I struggle in coding interviews precisely because of this: either I end up vocalizing my emotions and insecurities instead of coding, or I end up coding instead of talking about what I'm trying to accomplish. Often I will see many alternate pathways branching out before me, but if I try to start talking about them, I am no longer coding, and so my brain context-switches to "social and emotional."
Probably something I could get better at with practice, but I honestly end up commenting on places like HN simply because it "allows" me to think. If I could have a coding interview in the form of realtime text chat + code, that would be ideal for me.
I guess I have seen companies do things like "contribute to this open source project and work through an MR." I do find that quite appealing as an interview process.
Some studies indicate that it's as low as 30% of people who do (so 70% don't have an inner monologue), while others show the opposite, implying around 75% of people have some amount of inner monologue while 25% do not. It's a difficult subject to test and study since we don't have direct access to people's minds and asking someone what they're thinking about literally forces their thoughts through the filter of language.

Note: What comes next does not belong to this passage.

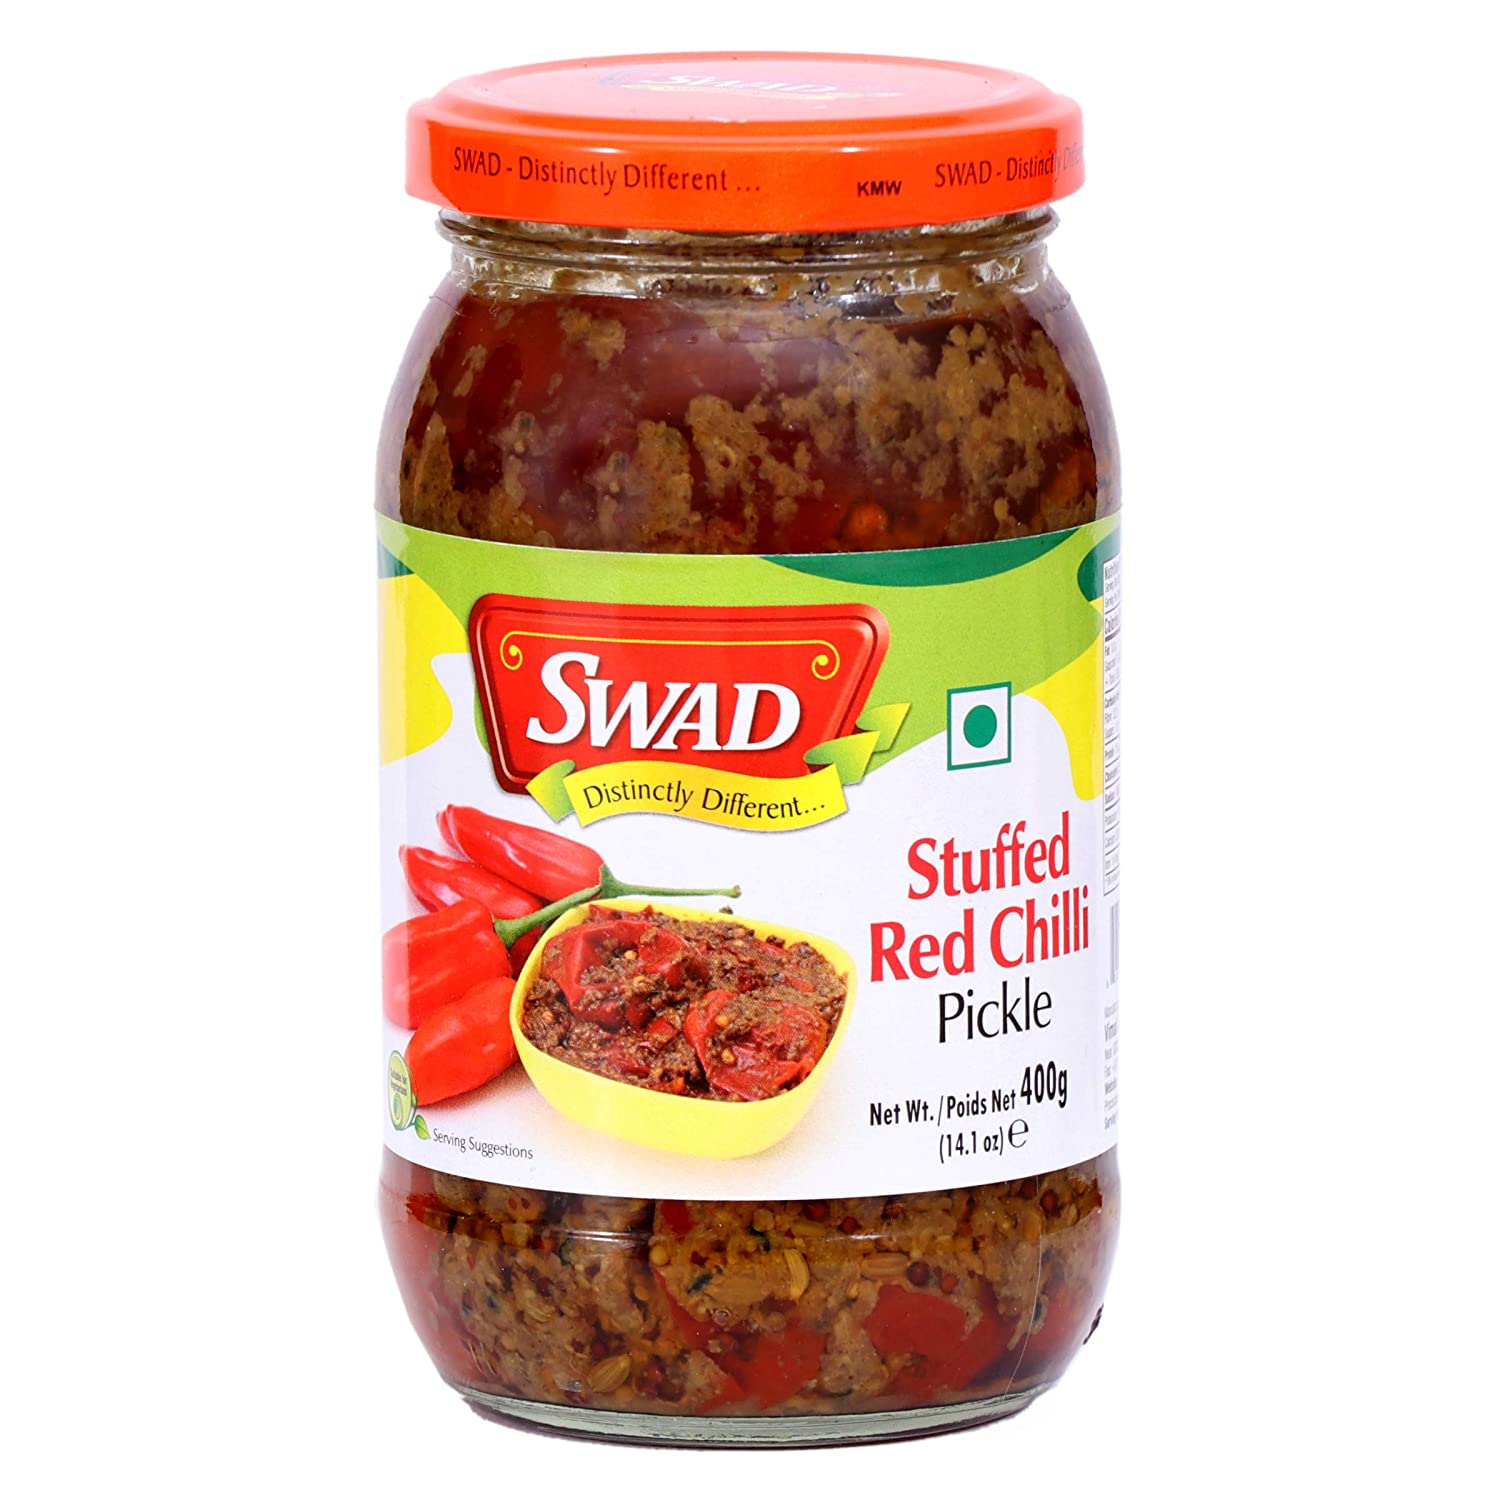 SWAD Stuffed Red ChilliPickle Image

[1] https://science.howstuffworks.com/life/inside-the-mind/human...
When I’m doing particularly hard programming work, I can’t have words said near me. Even music with lyrics messes me up. I think because it wakes up my “thoughts to English” pathway and that gets in the way of my “thoughts to code” pathway.
Anyway, I don’t want to be cured. There’s nothing wrong with my mind. If anything I feel sorry for people who can’t turn off their inner dialogue, because it means they can never use those neurons for other tasks - like maths or programming.
Personally I can talk while programming if an interviewer wants that, but I’ll be a bit dumber at the keyboard than if I sat in silence.
The second paragraph in this comment is very, very, very close to how my brain operates: <https://news.ycombinator.com/item?id=40290732>.
And I've been programming professionally for quite a long while now, so this quirk of mine doesn't seem to have made it difficult for me to work at programming shops.